First POST. Both CPUs
detected, though it's identifying them as MPs rather than XPs... apparently
making the assumption that because there are two, they're MPs. XPs, after
all, are not supported in SMP configuration (but they work just fine). It
found the full gig of RAM, too, and the boot halted there because I hadn't
hooked the drives up yet.
Inside the case with the machine running. You can tell it's running because
the CPU fans are blurred. Those puppies are loud. One of them, I
discovered on first power-up, had been smacked around somehow, such that one of
the plastic struts that holds the fan in position had gotten cracked, so
when it was powered up, it spun up to 6800 RPM with the fan blades rubbing
against the body of the fan. Sounded like I had a lawn mower inside the
case. 30 seconds with a screwdriver fixed that problem, though.
I figured what with going dual-monitor and dual-CPU, I could go
dual-keyboard as well. Actually, the left Shift and Ctrl keys on my old cheap
keyboard were starting to go, so I went and picked up a new USB keyboard.

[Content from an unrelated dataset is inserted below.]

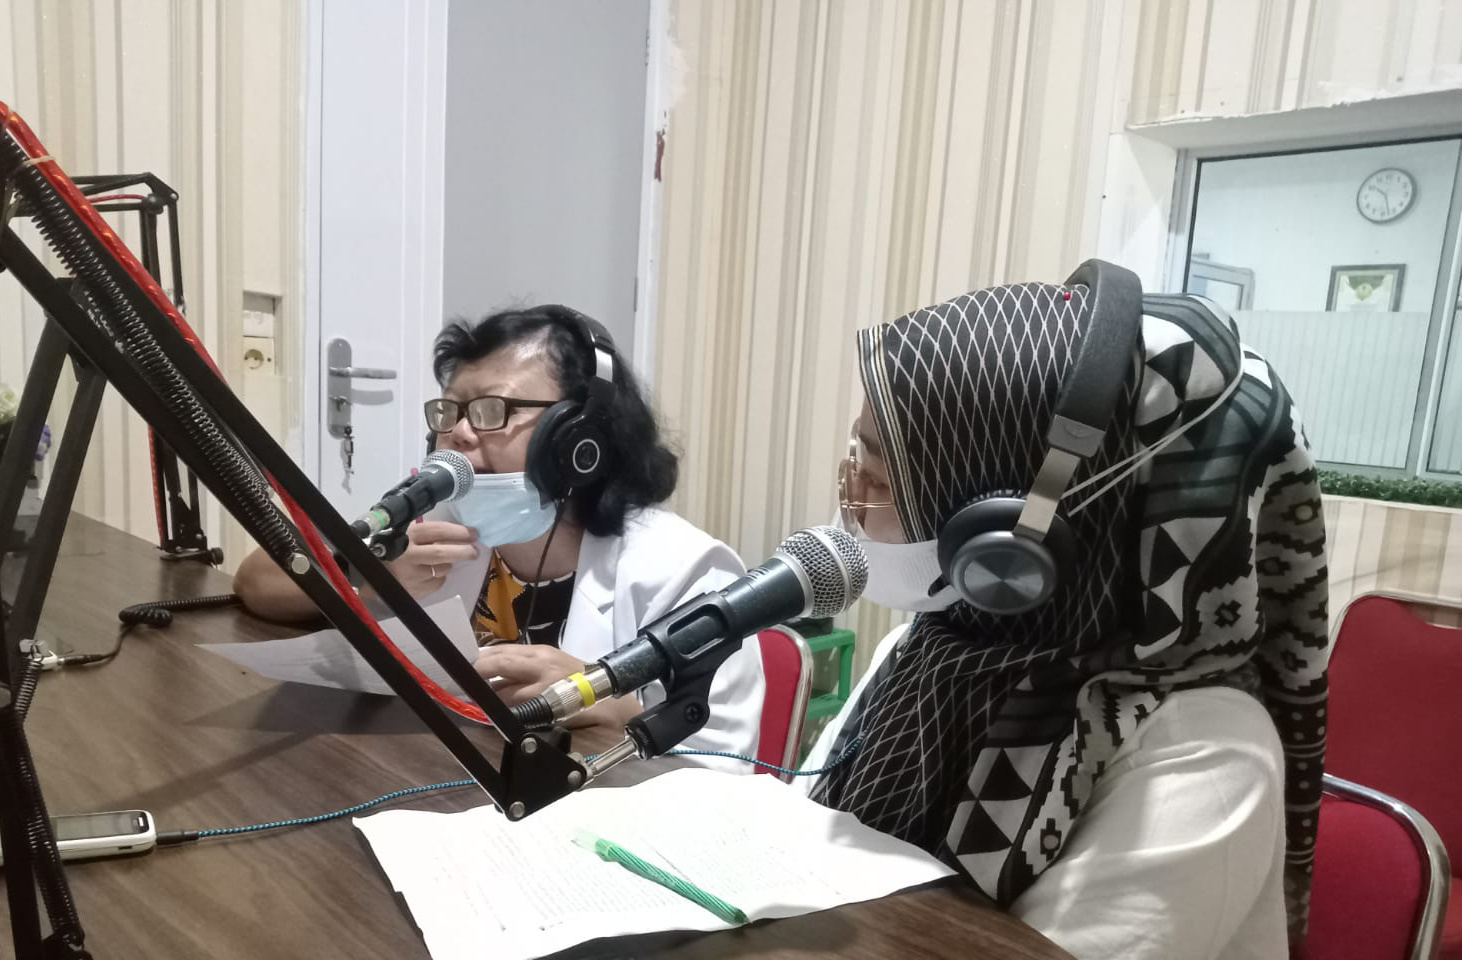 Bincang Santai tentang Dampak Negatif Narkoba di Radio Gemilang FM

It's not easy to find decent keyboards these days. This one was basically my
only option that had a full-sized Backspace, the '\' in the right place
(between the Enter and the Backspace), didn't have the keys in some weird
"ergonomic" position, didn't have strange beveling on the bottom row of
keys, and wasn't wireless (yes, sniff my keystrokes, please!). Both
keyboards are hooked up and working, though, and if I were to plug
in the Intellimouse, I could, I think, theoretically configure X to run the two
monitor/keyboard/mouse combinations as two completely separate terminals. I may have to try it someday just to prove it
can be done.
USB keyboard up and running, don't need the PS/2 keyboard anymore. That took
a couple reboots, because I'd turned on input core support in the kernel for
USB mice, but had neglected to do so for keyboards. The PS/2 keyboard is
actually still plugged in... I just moved it out of the way.
It's got a two-port USB hub in it. Yay.
Lots of extra keys on the thing. In addition to the standard 101 keys and
the "Windows" keys, there's eight hotkeys above the function keys (six of
which return scancodes greater than 255, and are therefore not useful), a
cluster of seven buttons for controlling multimedia apps (which I've set up
to control XMMS... on cybil... gotta love ssh), and two additional keys by
the arrow-T. Some of the standard keys are in odd places, but all of the
important ones are where they belong.
Storage upgrade is up next. I haven't quite decided on that yet, but I'm thinking 4 x 36.4G Ultra160 SCSI RAID5.